Inactive Publication Date: 2019-12-27
HUBEI UNIV
View PDF2 Cites 1 Cited by
  • Summary
  • Abstract
  • Description
  • Claims
  • Application Information

AI Technical Summary

Problems solved by technology

However, this specific treatment also has certain limitations. It cannot detect the growth of tumors in the body, and cannot grasp the dosage

Method used

the structure of the environmentally friendly knitted fabric provided by the present invention; figure 2 Flow chart of the yarn wrapping machine for environmentally friendly knitted fabrics and storage devices; image 3 Is the parameter map of the yarn covering machine
View more

Image

Smart Image Click on the blue labels to locate them in the text.
Viewing Examples
Smart Image
  • Nanogold-plugged mesoporous silicon controlled release system
  • Nanogold-plugged mesoporous silicon controlled release system
  • Nanogold-plugged mesoporous silicon controlled release system

Examples

Experimental program
Comparison scheme
Effect test

Embodiment 1

[0061] A method for preparing a nano-gold plugged mesoporous silicon drug controlled release system, specifically comprising the following steps:

[0062] 1. Preparation of near-infrared emitting carbon dot nanoparticles (CDs):

[0063] Weigh 0.6g of glutathione and 19.4g of formamide, mix them ultrasonically for 30min, add them into a 50mL polytetrafluoroethylene liner, put them into a 50mL polytetrafluoroethylene autoclave, and react at 160°C for 10h.

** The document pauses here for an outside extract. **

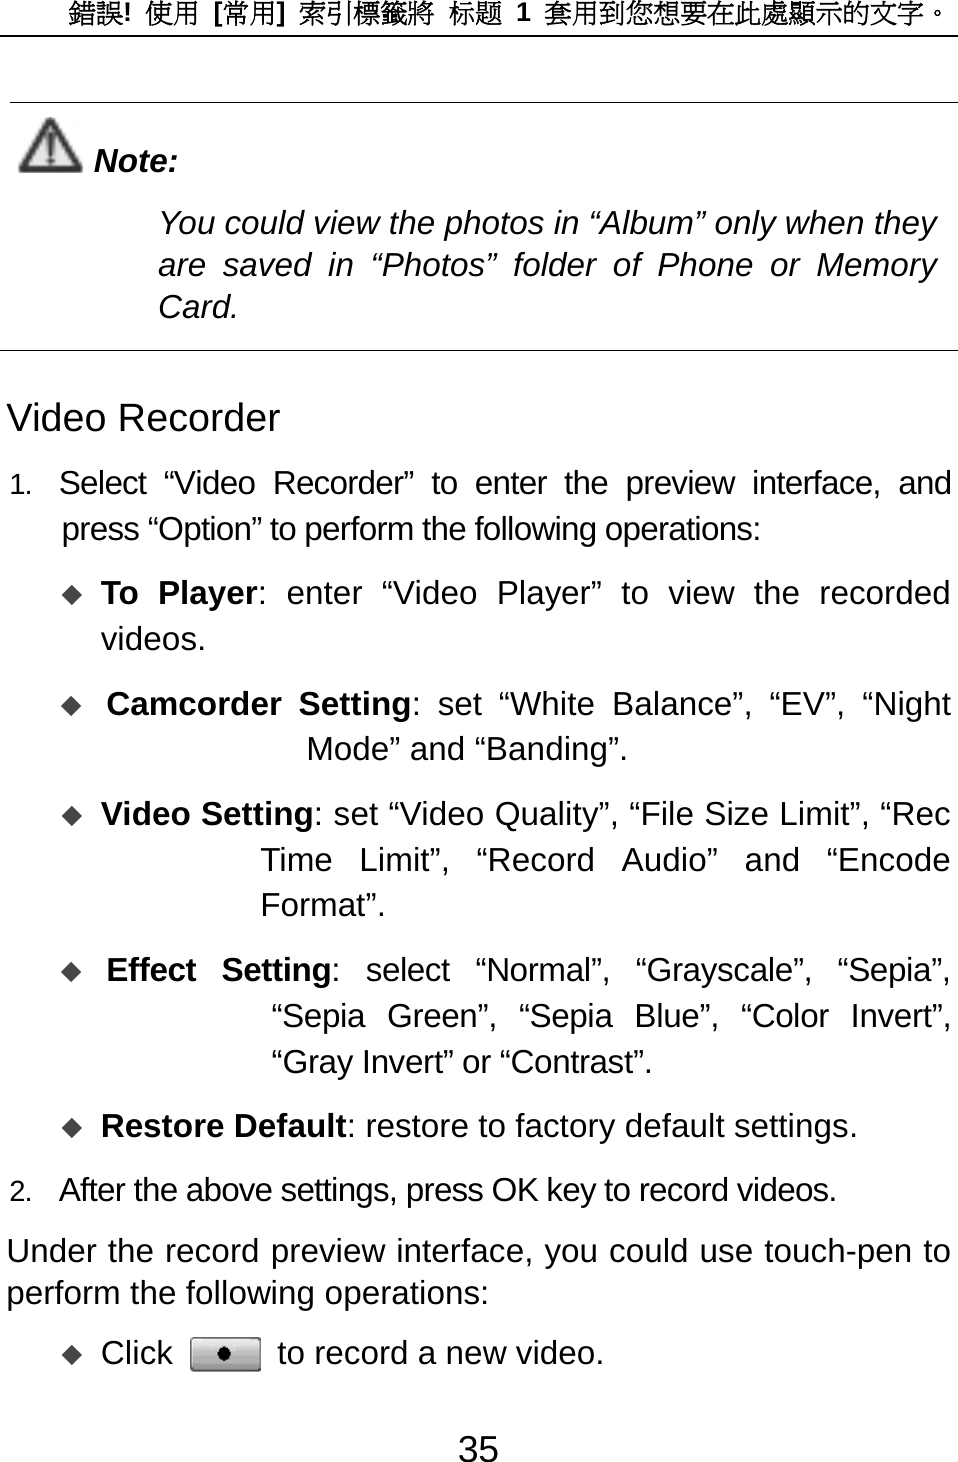 錯誤!  使用 [常用]  索引標籤將 标题 1 套用到您想要在此處顯示的文字。 35  Note: You could view the photos in “Album” only when they are saved in “Photos” folder of Phone or Memory Card.  Video Recorder 1.  Select “Video Recorder” to enter the preview interface, and press “Option” to perform the following operations:  To Player: enter “Video Player” to view the recorded videos.  Camcorder Setting: set “White Balance”, “EV”, “Night Mode” and “Banding”.  Video Setting: set “Video Quality”, “File Size Limit”, “Rec Time Limit”, “Record Audio” and “Encode Format”.   Effect Setting: select “Normal”, “Grayscale”, “Sepia”, “Sepia Green”, “Sepia Blue”, “Color Invert”, “Gray Invert” or “Contrast”.  Restore Default: restore to factory default settings. 2.  After the above settings, press OK key to record videos.   Under the record preview interface, you could use touch-pen to perform the following operations:    Click  to record a new video. 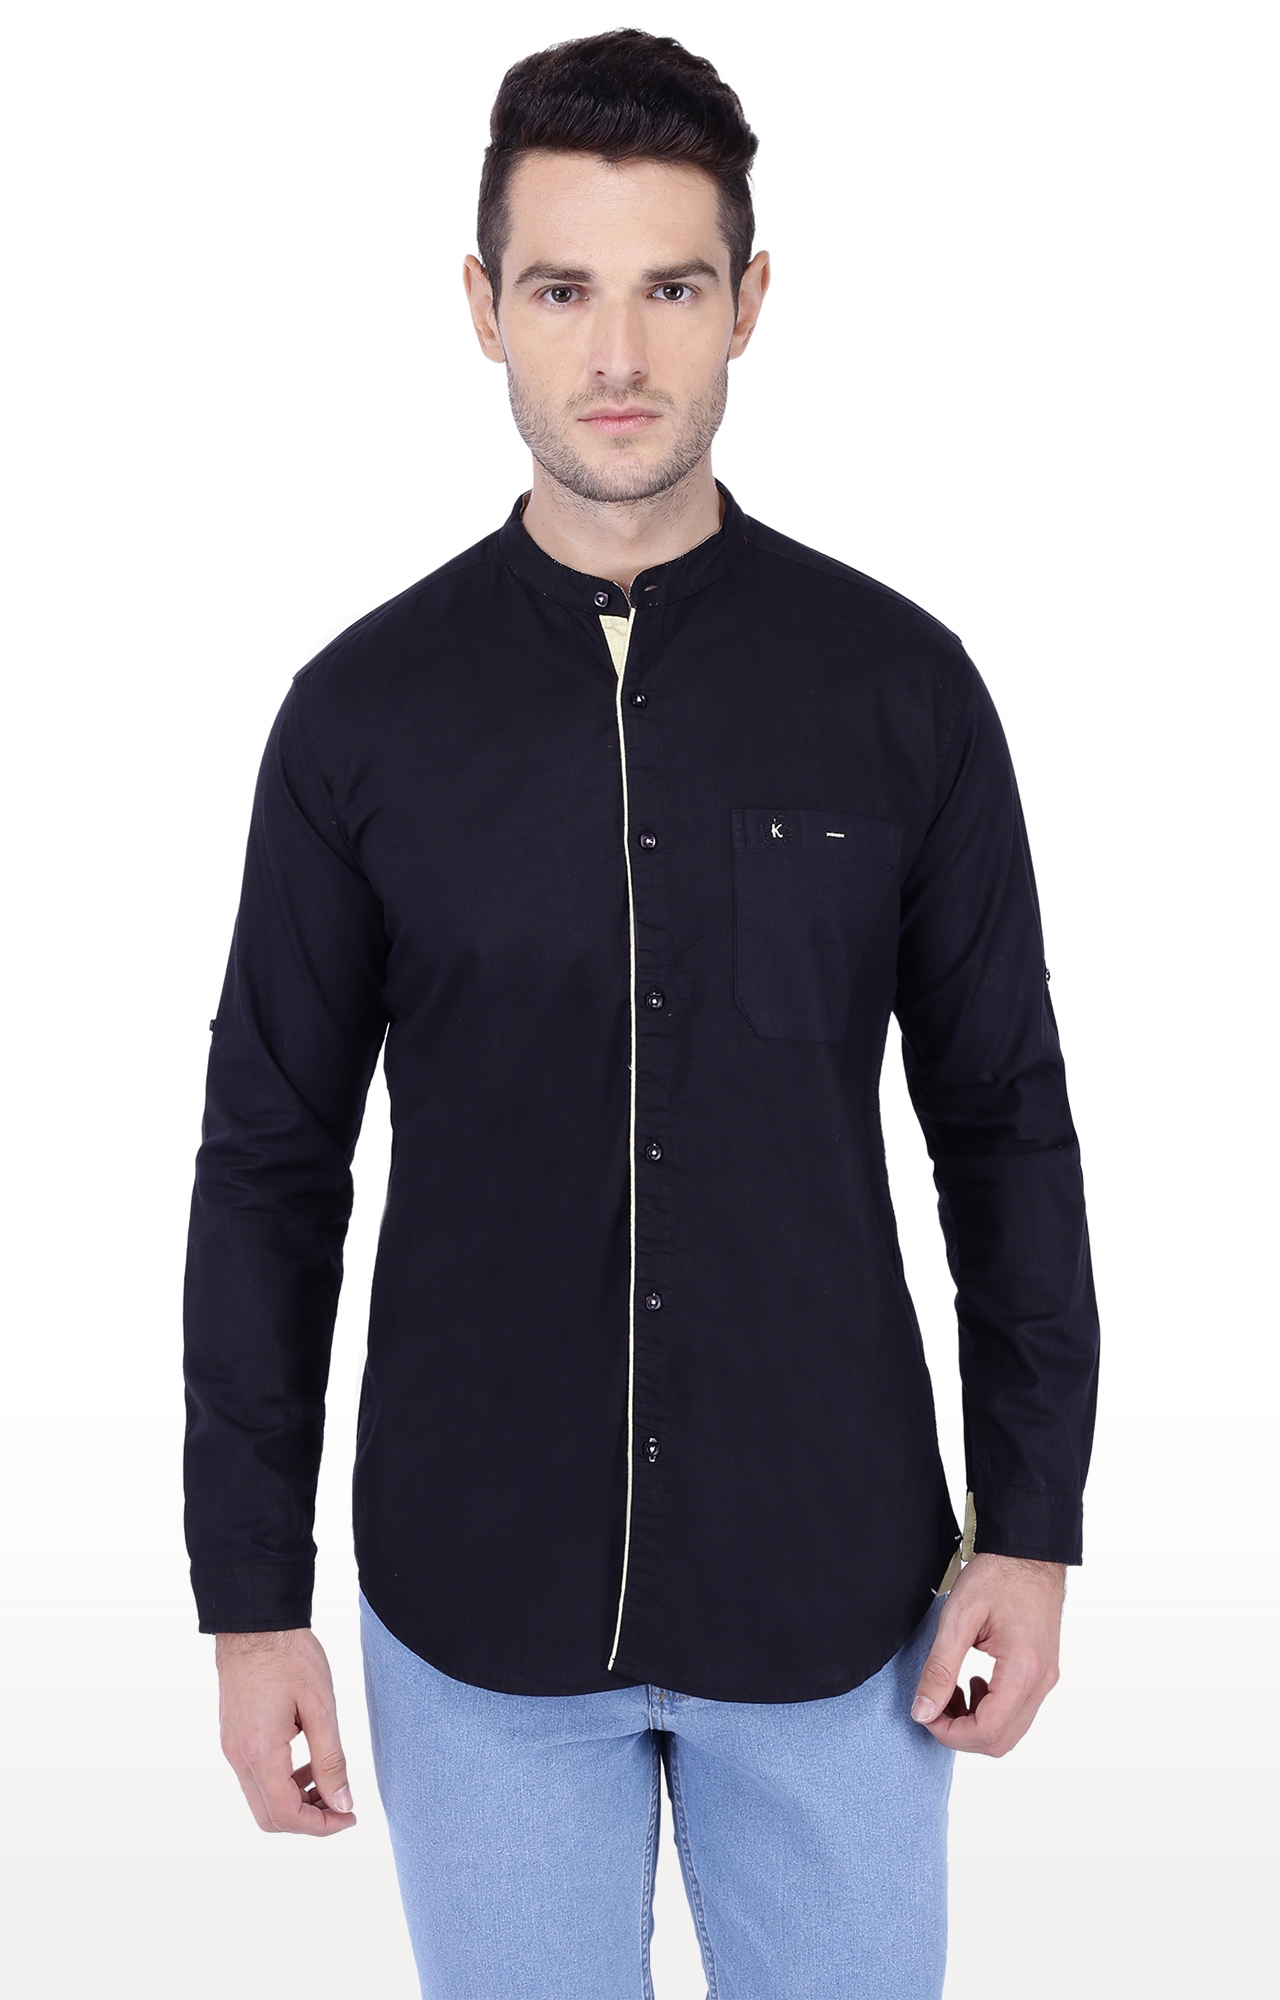 Kuons Avenue Men's Black Linen Cotton Casual Shirt

After it cools naturally, dilute the above product with 20mL deionized water, and then dialyze with a dialysis bag with a molecular weight of 3500 for two days, then filter the product with a 0.22 micron microporous membrane, and finally spin evaporate the product under vacuum at 60°C After drying for 12 hours, near-infrared emitting carbon dots were obtained.

[0064] Depend on figure 1 It can be seen that the near-infrared carbon dots have a particle size range of 3-5 nm and are uniformly dispersed nanospheres. Depend on ...

Embodiment 2

[0082] A method for preparing a nano-gold plugged mesoporous silicon drug controlled release system, specifically comprising the following steps:

[0083] 1. Prepare near-infrared emitting carbon dot nanoparticles (CDs): same as Example 1;

[0084] 2. Preparation of silylated carbon dot nanoparticles (CDs-IPTS): same as Example 1;

[0085] 3. Preparation of mesoporous silicon nanoparticles wrapped with carbon dots (CDs@MSNs):

[0086] After dissolving 3.5 mg of CDs-IPTS prepared in step 2 in 4 mL of deionized water, ultrasonically mixed with 1.5 mL of tetraethylorthosilicate (TEOS) to obtain a mixed solution;

[0087] Separately weigh 0.5g of cetyltrimethylammonium chloride (CTAC), measure 180 microliters of triethylamine (TEA), dissolve it in 20mL of deionized water, raise the temperature to 80°C while stirring, and slowly add the above The mixed solution was condensed and refluxed at 80°C for 1 h. After the reaction, 100 mL of ethanol was added, and then centrifuged (10,00...

Embodiment 3

[0096] A preparation method of a nano-gold plugged mesoporous silicon drug controlled release system, specifically comprising the following steps

[0097] 1. Prepare near-infrared emitting carbon dot nanoparticles (CDs): same as Example 1;

[0098] 2. Preparation of silylated carbon dot nanoparticles (CDs-IPTS): same as Example 1;

[0099] 3. Preparation of mesoporous silicon nanoparticles (CDs@MSNs) wrapped with carbon dots: the same as in Example 2;

[0100] 4. Preparation of amino-functionalized carbon-dot mesoporous silicon nanoparticles (CDs@MSNs-NH 2 ):

[0101] Weigh 200mg of CDs@MSNs and dissolve in 100mL of ethanol, add 1.8mL of 3-aminopropyltriethoxysilane (APTES) after ultrasonic dispersion, reflux at 50°C for 12h, and then centrifuge (10000rpm / min×10min) to precipitate , washed with deionized water and ethanol three times repeatedly, and then freeze-dried for later use.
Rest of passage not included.